Georgia rebukes Trump over US voter fraud ‘Big Lie’
ATLANTA: Republican voters delivered a stark repudiation on Tuesday of Donald Trump’s "Big Lie" that the 2020 US election was stolen, backing Georgia Governor Brian Kemp for re-election by a huge margin over a candidate recruited by the former president.
Trump had banked much of his own political capital hand-picking David Perdue to oust Kemp in the nominating contest to compete for the governor’s mansion in November’s midterm elections.
Perdue made Trump’s bogus claims about 2020 a centerpiece of his campaign, in a direct appeal to his endorser’s supporters who continue wrongly to question the validity of the outcome.
But the former senator was forced to concede, in an embarrassing blow for Trump, as the early count showed him trailing by almost 50 points less than 90 minutes after polls closed. "Four years of the Kemp administration will mean that you keep all of your hard-earned money," Kemp said in his victory address.
"Your communities will be safe. Your kids will be in school without fear of partisan agendas in the classroom. Parents will have a voice and we’ll keep working to bring good paying jobs to every corner of our state."
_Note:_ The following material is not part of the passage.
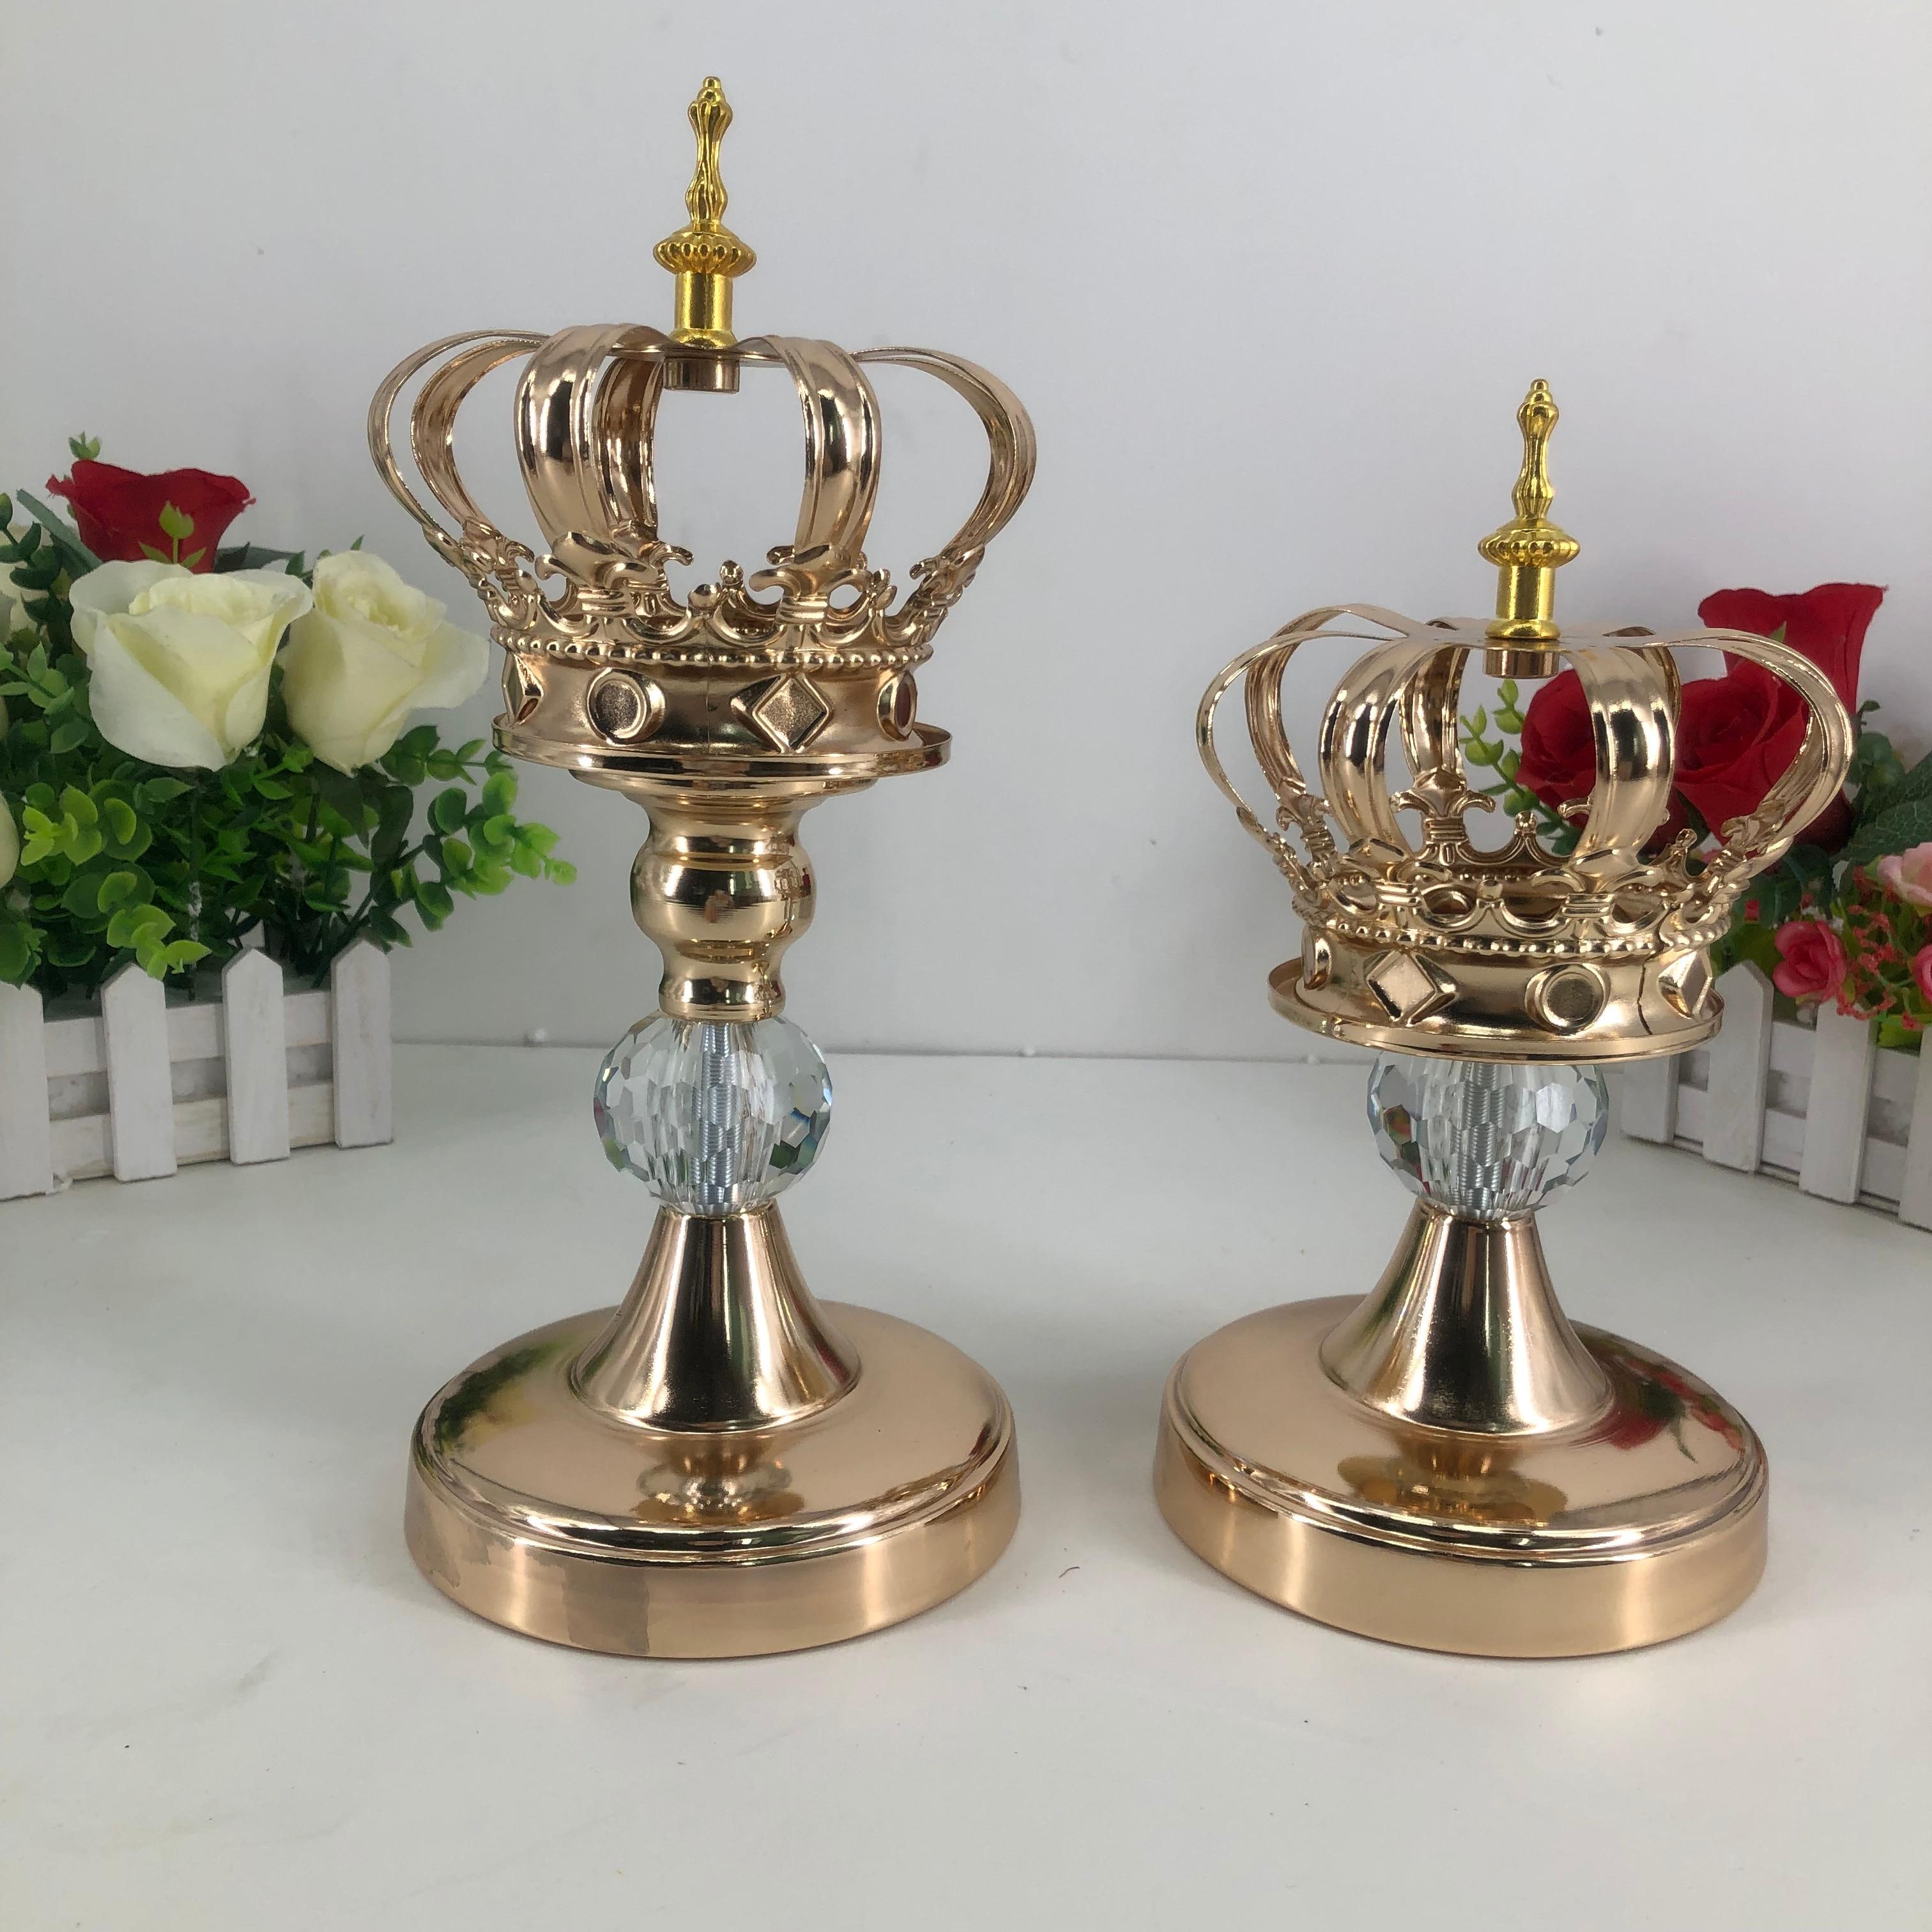 Kandelaars Gouden Kroon Vorm Kaars Stand Fashion Wedding Prachtige Candelabros Tafel Kandelaar Party Home Decoration

Kemp, frequently the target of Trump’s wrath for refusing to help overturn the election, was always expected to win, but the margin of defeat represents a stinging rebuke of Trump from a state he lost by the narrowest of margins in 2020.
Five states were holding nominating contests for congressional elections that will decide which party controls the US Senate and House of Representatives for the remainder of President Joe Biden’s first term.
But all eyes are on Georgia, where wounds from the 2020 presidential election are still festering two years after Biden won the state by under 12,000 votes. Up and down the ballot, the Republican side of the Georgia primary pitted candidates peddling the former president’s election fraud claims against hopefuls who pushed back in defense of the Constitution.
The race to be Georgia’s secretary of state is seen as equally consequential as the contest for governor, as these are the officials who oversee elections in the United States. Democrats fear that, across the country, Trump will be able to install loyalists who can weaponize specious fraud accusations from 2020 to make it harder for his opponents to vote in 2024.